--- AVAILABLE DATA ---
....

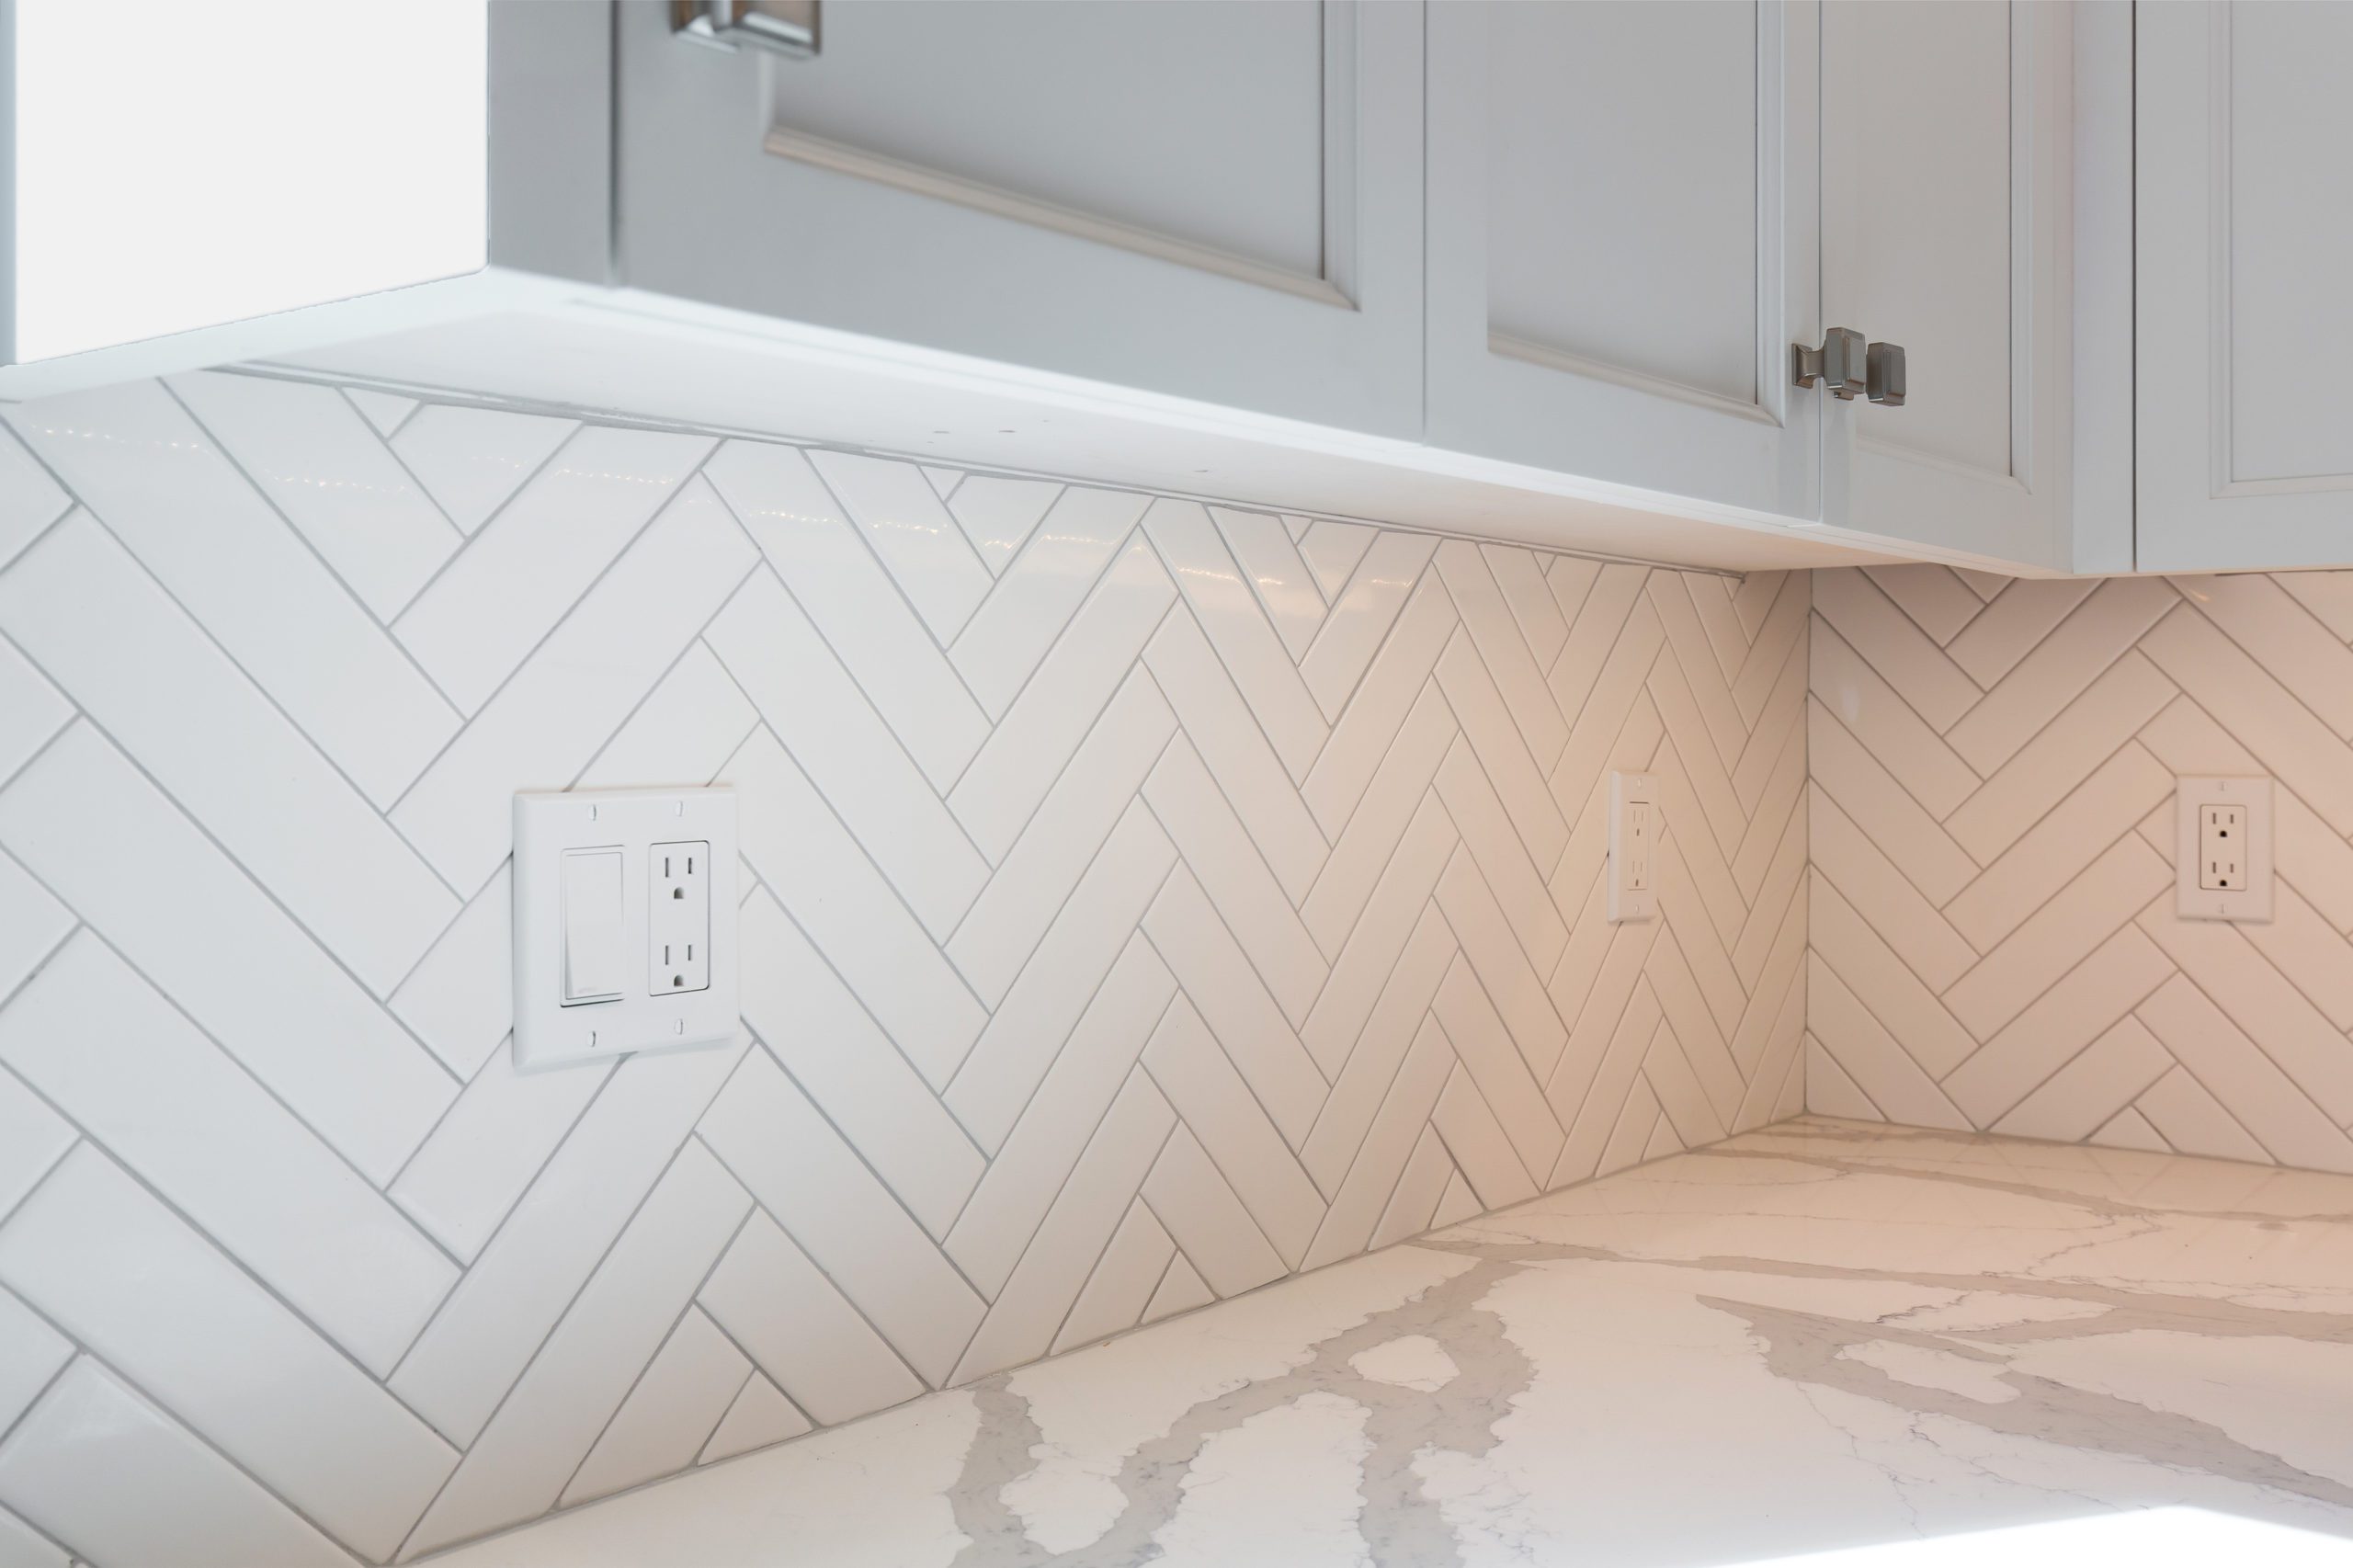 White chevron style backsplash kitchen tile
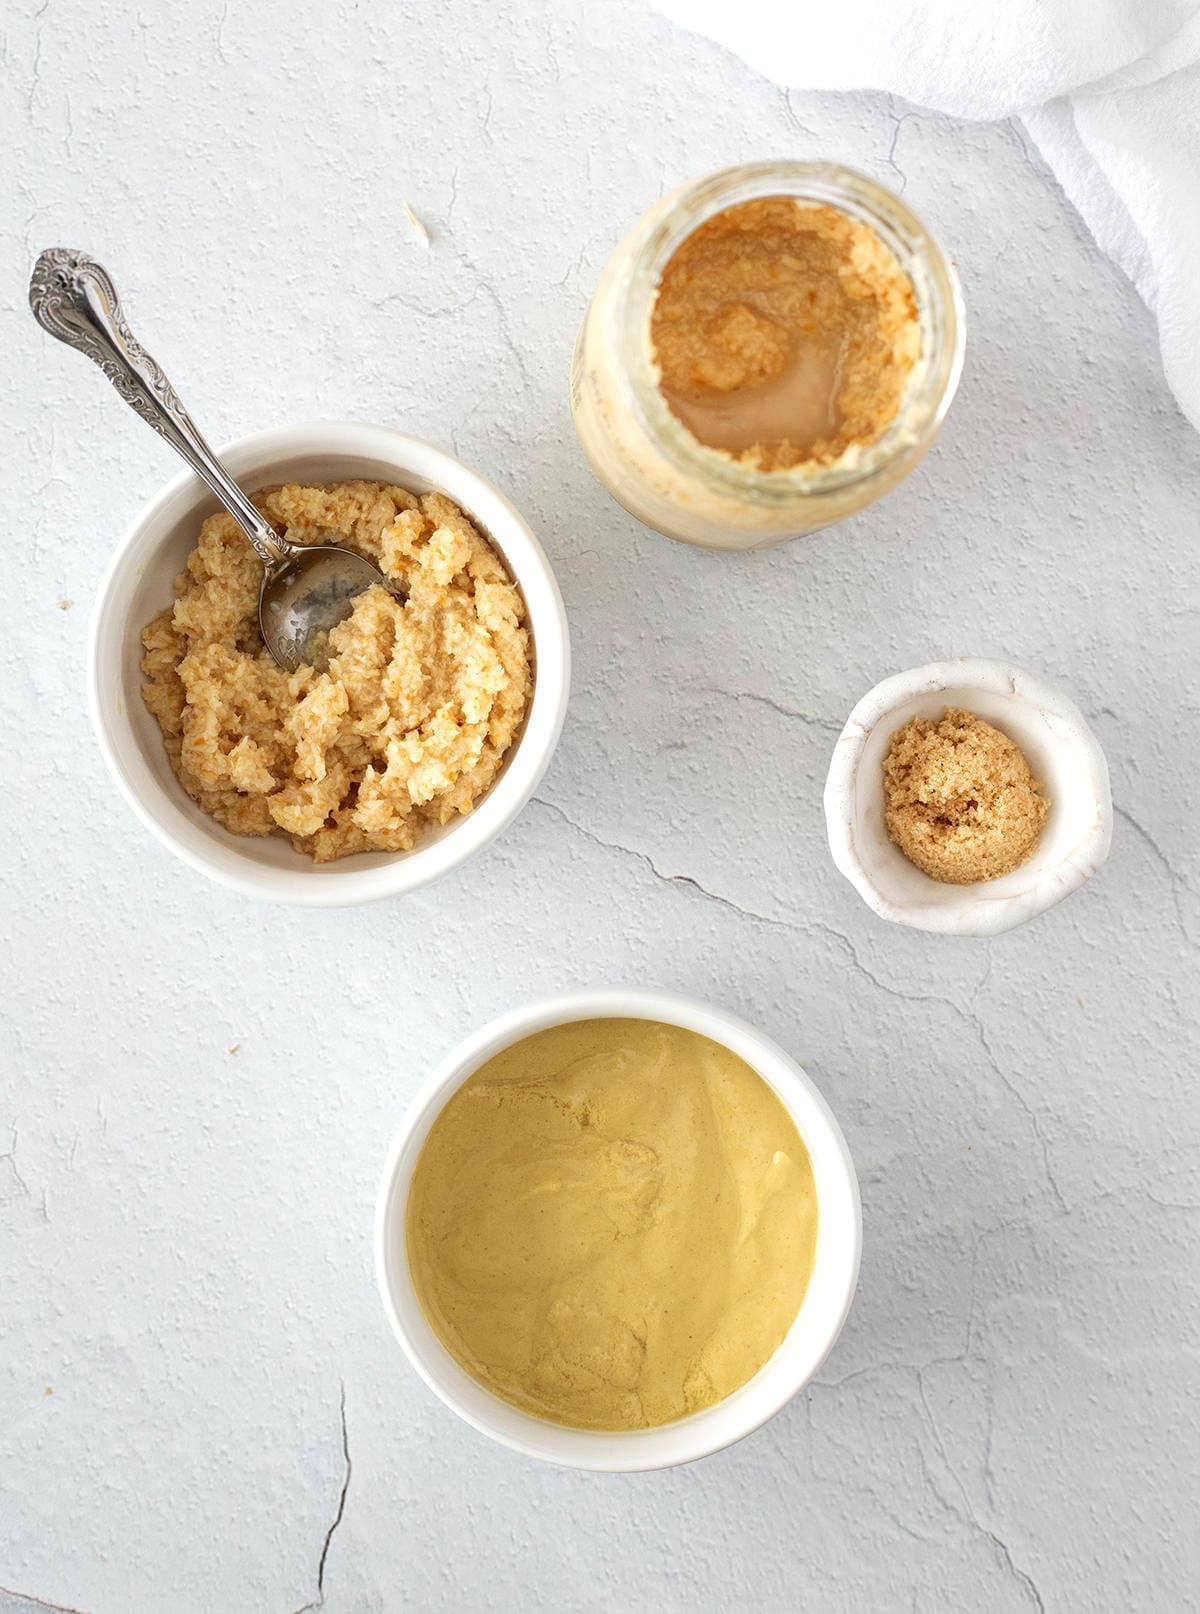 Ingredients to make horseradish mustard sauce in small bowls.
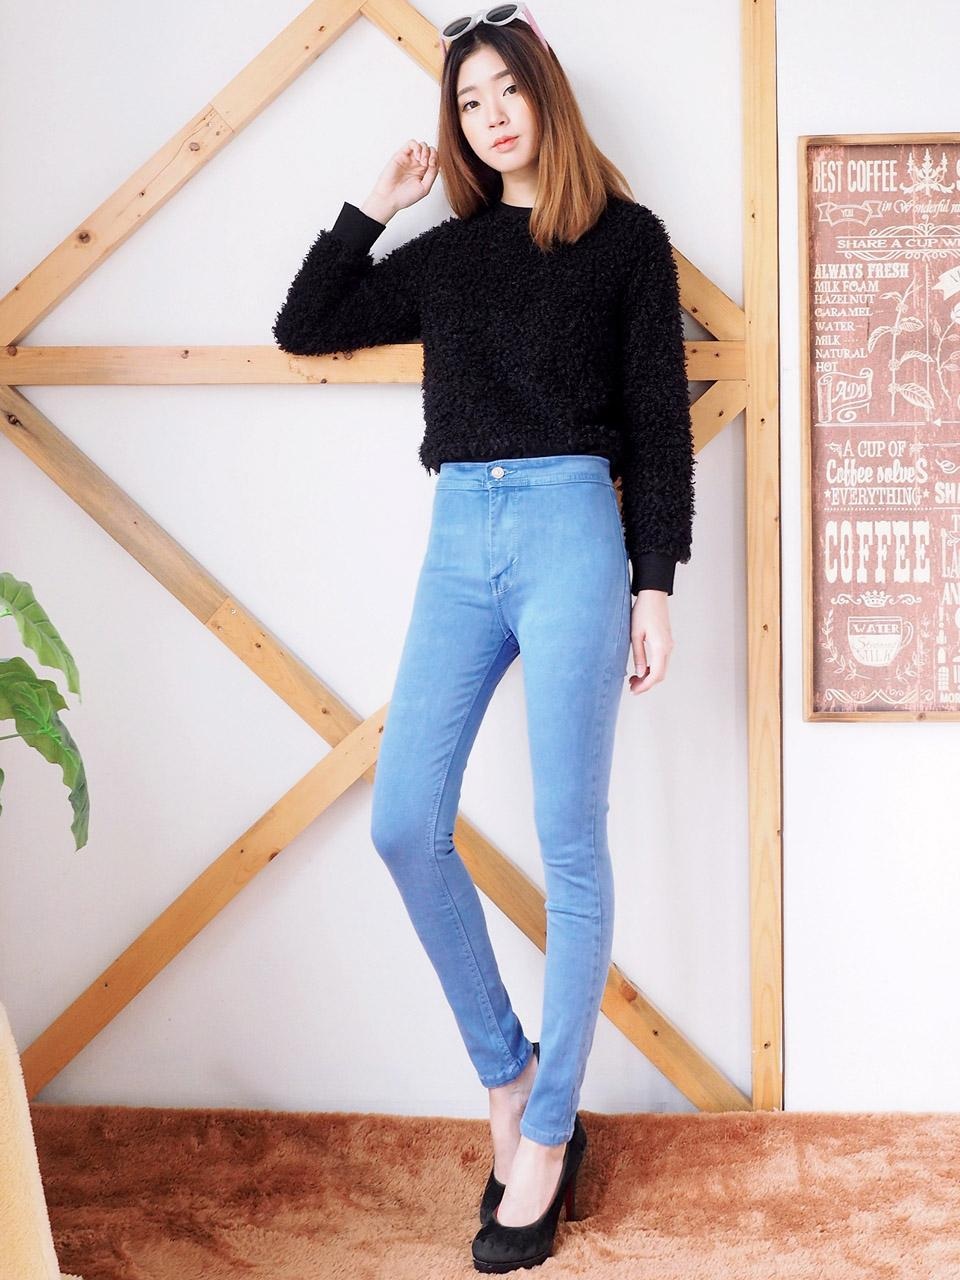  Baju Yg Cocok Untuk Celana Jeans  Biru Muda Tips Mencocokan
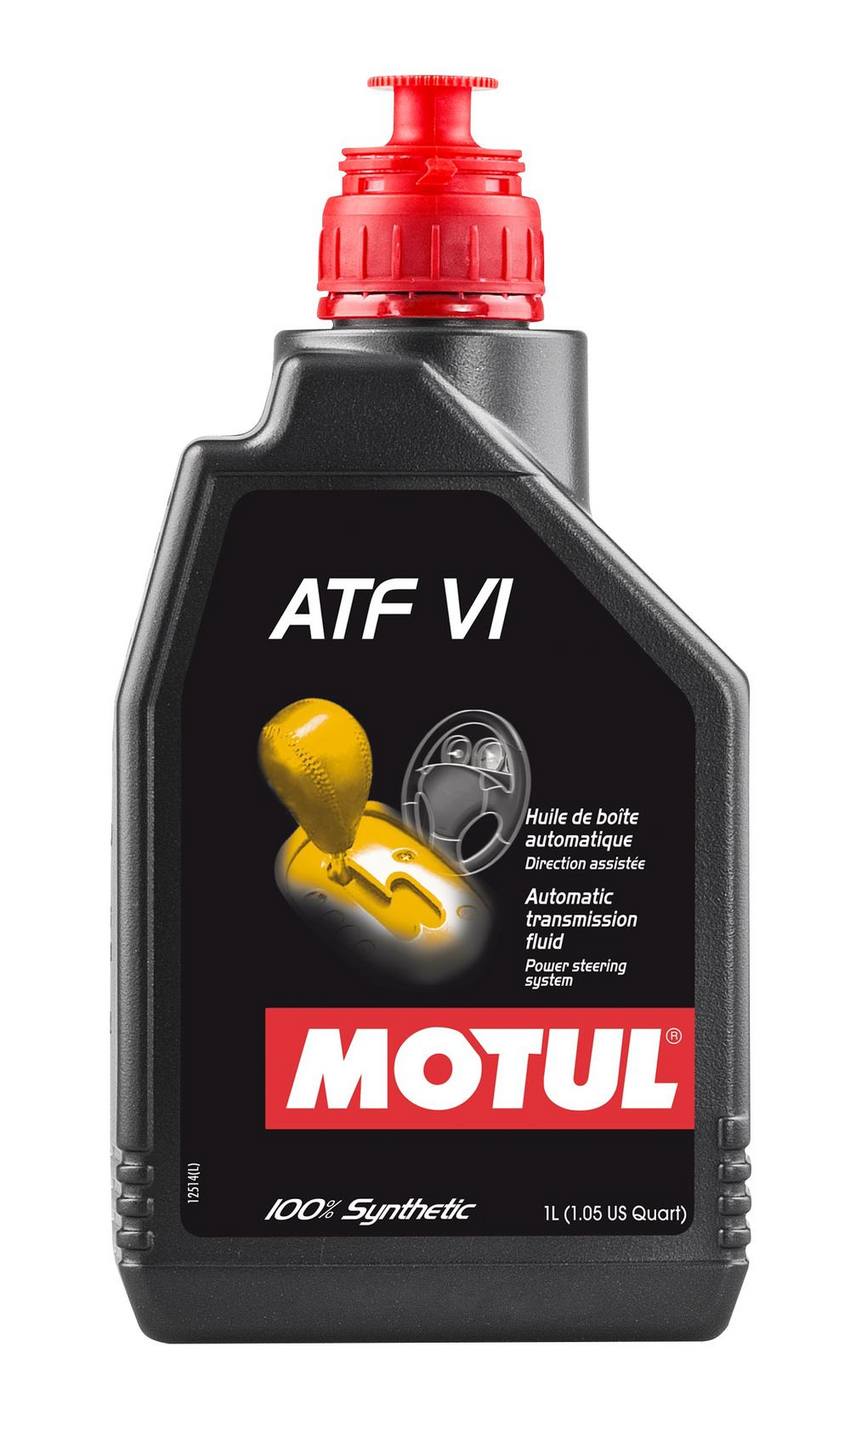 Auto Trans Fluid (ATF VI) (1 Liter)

....

--- WORK ORDER ---
Every picture stays out; reproduce exactly the lines from the one with "Baju Yg Cocok" through the last line of the data above.

--- OUTPUT ---
  Baju Yg Cocok Untuk Celana Jeans  Biru Muda Tips Mencocokan
 Auto Trans Fluid (ATF VI) (1 Liter)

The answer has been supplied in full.